Derart abgeschrieben war ich bereits. Derart zerredet. Derart hatte ich bereits
alles gesagt. Und die Besorgnis ließ mein Haar frühzeitig grau werden. Und
meine Haut wurde runzlig vor unendlichem Mädchenweinen, das mit einem heftigen
Zittern auf meinen Knochen musizierte, ein Zittern, deutlicher als Worte und weise.
Und barmherzig, denn es sühnt Vergehen. Und es hat Talent zum Weinen. Und wird
eins mit dem Weinen meiner Frau, jetzt, am Schabbat-Abend, in der Ayalon Mall,
als sie sagte: „Ich will zu Mama“. Und jede Möglichkeit, irrezugehen, scheint
vorüber.
Und es hat Talent zu einem Weinen der Männlichkeit. Wie in jener Nacht, als
ich nicht länger auf Tehilas Schwelle harrte, zu einer Buchpremiere aufbrach,
und Haim Gouri mitten im Saal stand und auswendig, dass man Angst kriegen
konnte, vortrug:
Doch bevor der Morgen anbrach, in jener Nacht
stand ich sachte auf, vor Erleichterung.
Und umschloss ihren Hals mit schattiger Hand
denn die Liebe unserer Seelen blieb gespannt
nie wird sie uns genommen, nie gegeben sein.
und brach in Tränen aus.
Denn was ist Talent zum Weinen anderes, sprach das Waisenmädchen Anne auf
Green Gables, als „die Welt untertauchen zu sehen in himmlischem Licht, geschmückt
mit Glanz und Frische.“ Und das glückte uns in jenem Augenblick wie den Besten der
jungen Männer, Gouri und mir, als wir unser Gesicht im Becken untertauchten,
Flüssiges mit Flüssigem abzu-waschen. Und er sah mich bis in Ewigkeit
unverheiratet. Einer, der nicht über sich hinaus, den niemand zum Mann nimmt. Der
nicht in seinen Spuren zurückkehren kann. Aber er zu irgendetwas ist er ja zurückgekehrt
in jener Nacht. Einer, der letztlich lebt. Der über Abgründen tanzt. Und ich hatte
nicht das Gefühl, dass er einen Fremden in mir sah. Anschließend kehrte er mit
mir nach Jerusalem zurück.
Die Kapitel mit Tehila: Der Titel Pirkei Tehila spielt mit der Ähnlichkeit zu Pirkei Tehilim, der hebräischen Bezeichnung für „Kapitel aus den Psalmen“; „tehila“ bedeutet Lobpreis, und auch Glanz, Ruhm.

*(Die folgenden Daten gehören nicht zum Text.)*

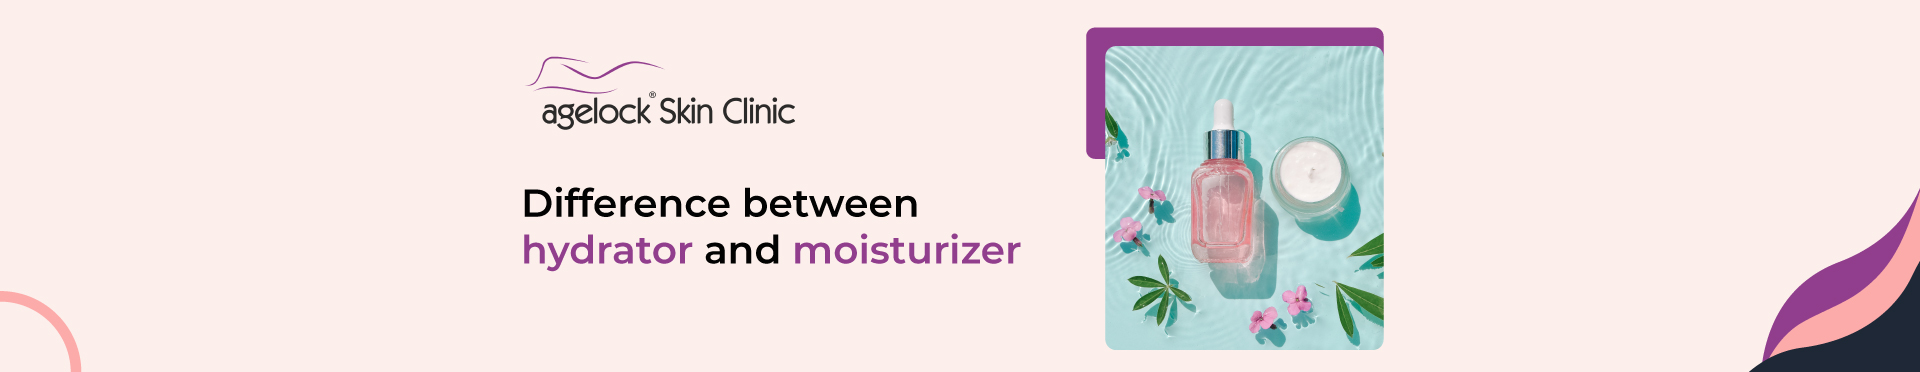 Difference between hydrator and moisturizer

Anne auf Green Gables: Das kanadische Kinderbuch von Lucy Maud Montgomery wurde als „Ha’asufit“ (Das Waisenmädchen) ins Hebräische übersetzt.
„Doch bevor der Morgen anbrach“: Die zitierten Verse stammen aus dem Gedicht „Ha’asufi“ (Der Waisenjunge) von Nathan Alterman.

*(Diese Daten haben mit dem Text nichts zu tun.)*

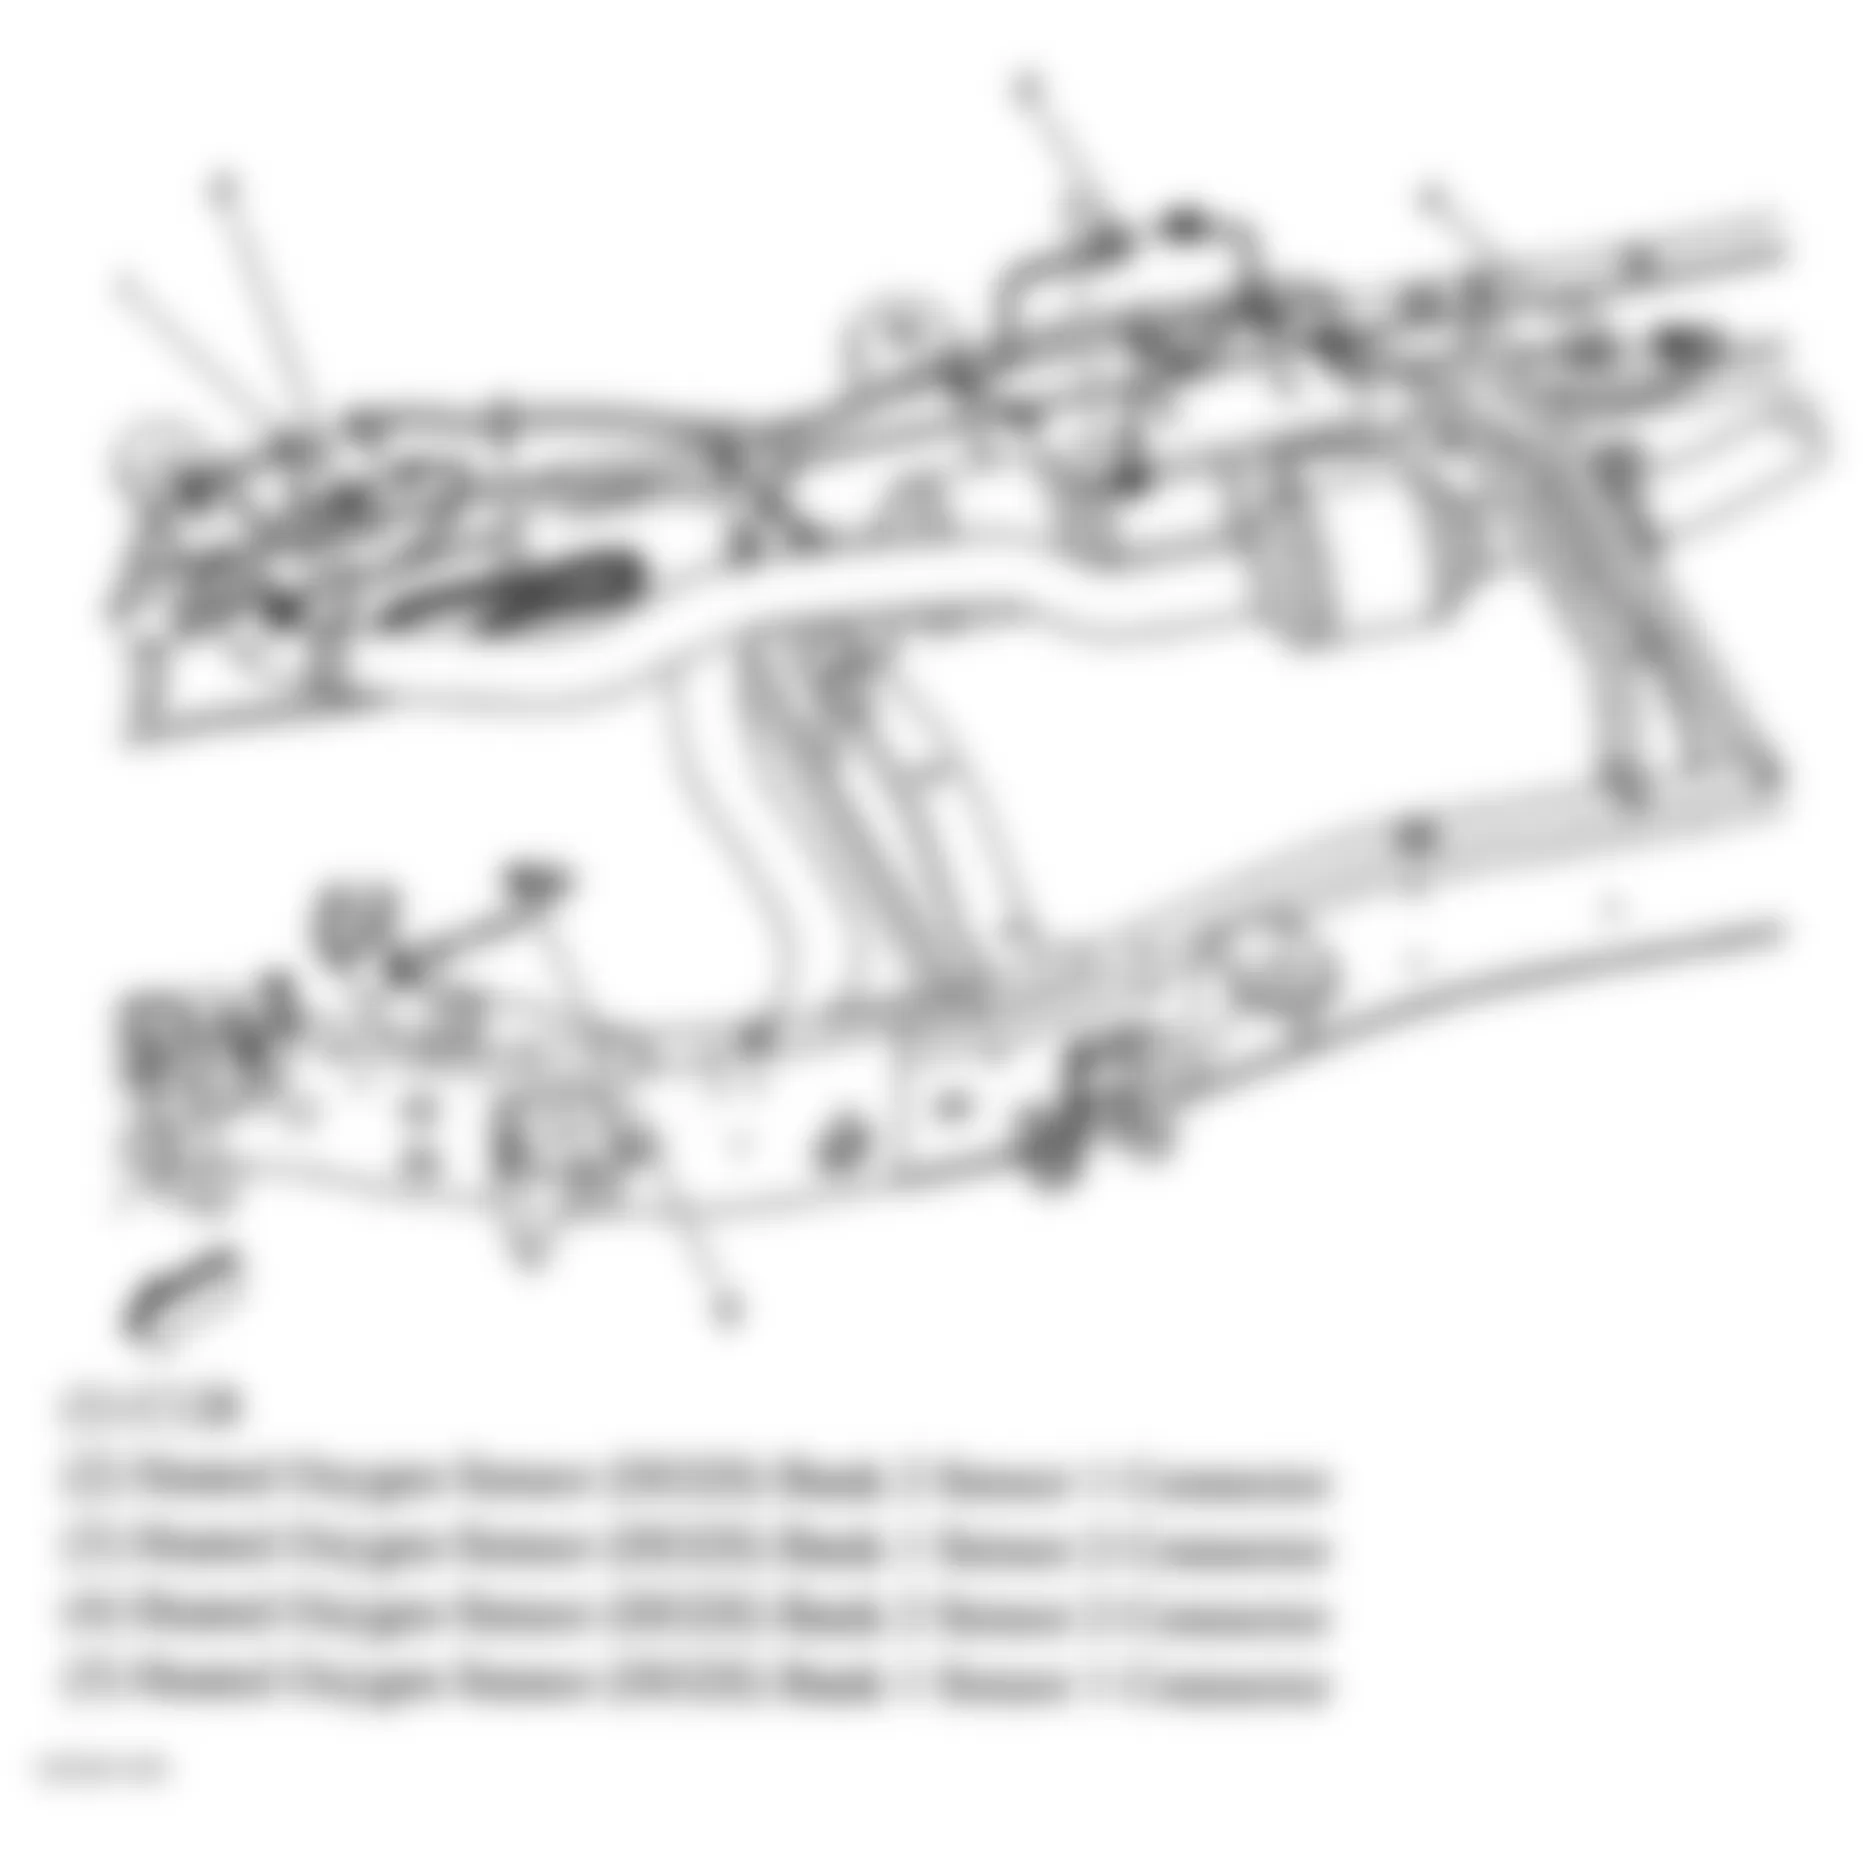 GMC Savana G3500 2005 - Component Locations -  Center Of Chassis

Omer Waldmans zweiter Gedichtband Die Kapitel mit Tehila (Pirkei Tehila) erschien 2024 in Israel in dem unabhängigen Verlag Hava Laor für experimentelle Literatur; die zweite Auflage kam im Juni desselben Jahres heraus und ist erneut vergriffen. In einem stilistisch eigenwilligen, entrückten Hebräisch, das aus biblischen und talmudischen Quellen schöpft, werden gewöhnliche Erlebnisse u.a. in Tagebuchform übertragen: die enttäuschte Liebe zu Tehila, einem jungen Mädchen aus Jerusalem, aber auch der Wunsch nach einer Leichtigkeit des Seins, wofür die Jugend gemeinhin steht. Die übersetzten Auszüge geben das Vorwort des Dichters und ein lyrisches Prosastück zu lesen.

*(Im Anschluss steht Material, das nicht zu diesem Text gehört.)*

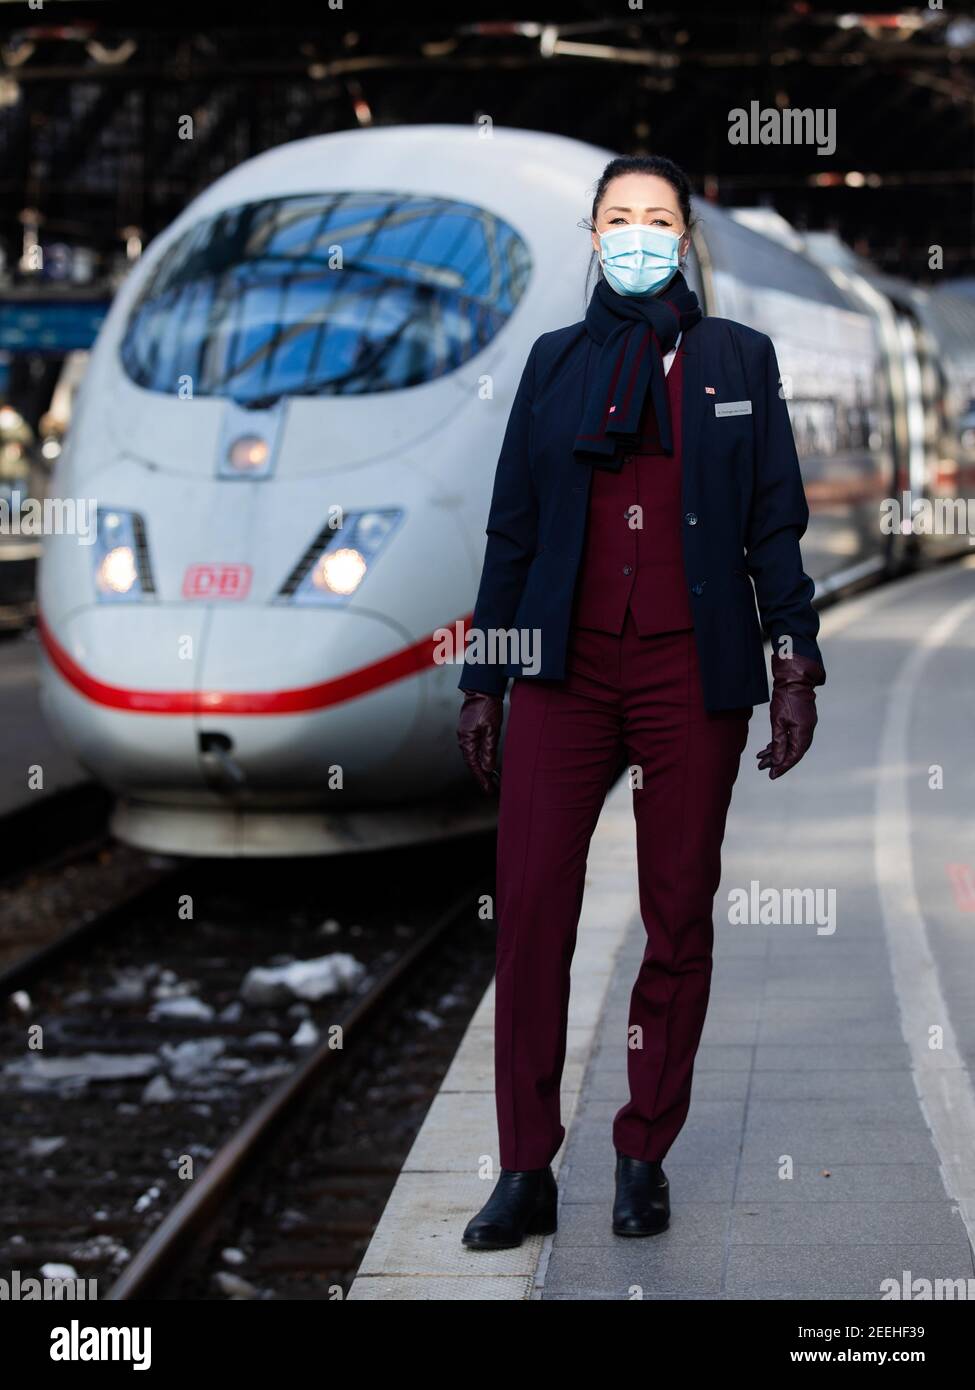 Cologne, Germany. 11th Feb, 2021. Nadine Perlinger dos Santos, former stewardess at Lufthansa subsidiary Germanwings and now a Deutsche Bahn train attendant, stands in front of an ICE train. Job prospects for pilots, flight attendants and aircraft technicians have deteriorated massively in the Corona crisis. In the reorientation, a state-owned company apparently offers advantages. (to dpa "From the jet to the ICE - Flying personnel highly welcome at Bahn") Credit: Rolf Vennenbernd/dpa/Alamy Live News Stock Photo

Omer Waldman forscht zur modernen hebräischen Literatur, ist Dichter und Herausgeber. In
seiner Doktorarbeit an der Hebräischen Universität in Jerusalem, die er
demnächst abschließt, widmet er sich der Sprache von Avot Yeshurun. Dafür hat
er auch ein Wörterbuch mit allen lexikalischen Neologismen, die in dessen
Büchern vorkommen, erstellt. Omer Waldman publiziert Gedichte, Kurzgeschichten,
Übersetzungen, Rezensionen, Essays und Aufsätze in israelischen Tageszeitungen
(Haaretz, Yediot Aharonot) und in renommierten
Literaturzeit-schriften (u.a. Ho!, Hava Lehaba). 2019 erschien
sein erster Gedichtband, Körperliche Erziehung (Chinuch gufani,
Hakibbutz Hameuchad), darauf folgte 2024 ein zweiter, Die Kapitel mit
Tehila (Pirkei Tehila, Hava Leor). Für sein literarisches und
wissenschaftliches Werk wurde er bereits wiederholt ausgezeichnet, darunter 2024
mit dem Levi Eschkol-Preis für hebräische Schriftsteller (Preis des
Ministerpräsidenten) und 2016 mit dem Preis des Ministeriums für Kultur und
Sport für Dichter am Anfang ihrer Laufbahn.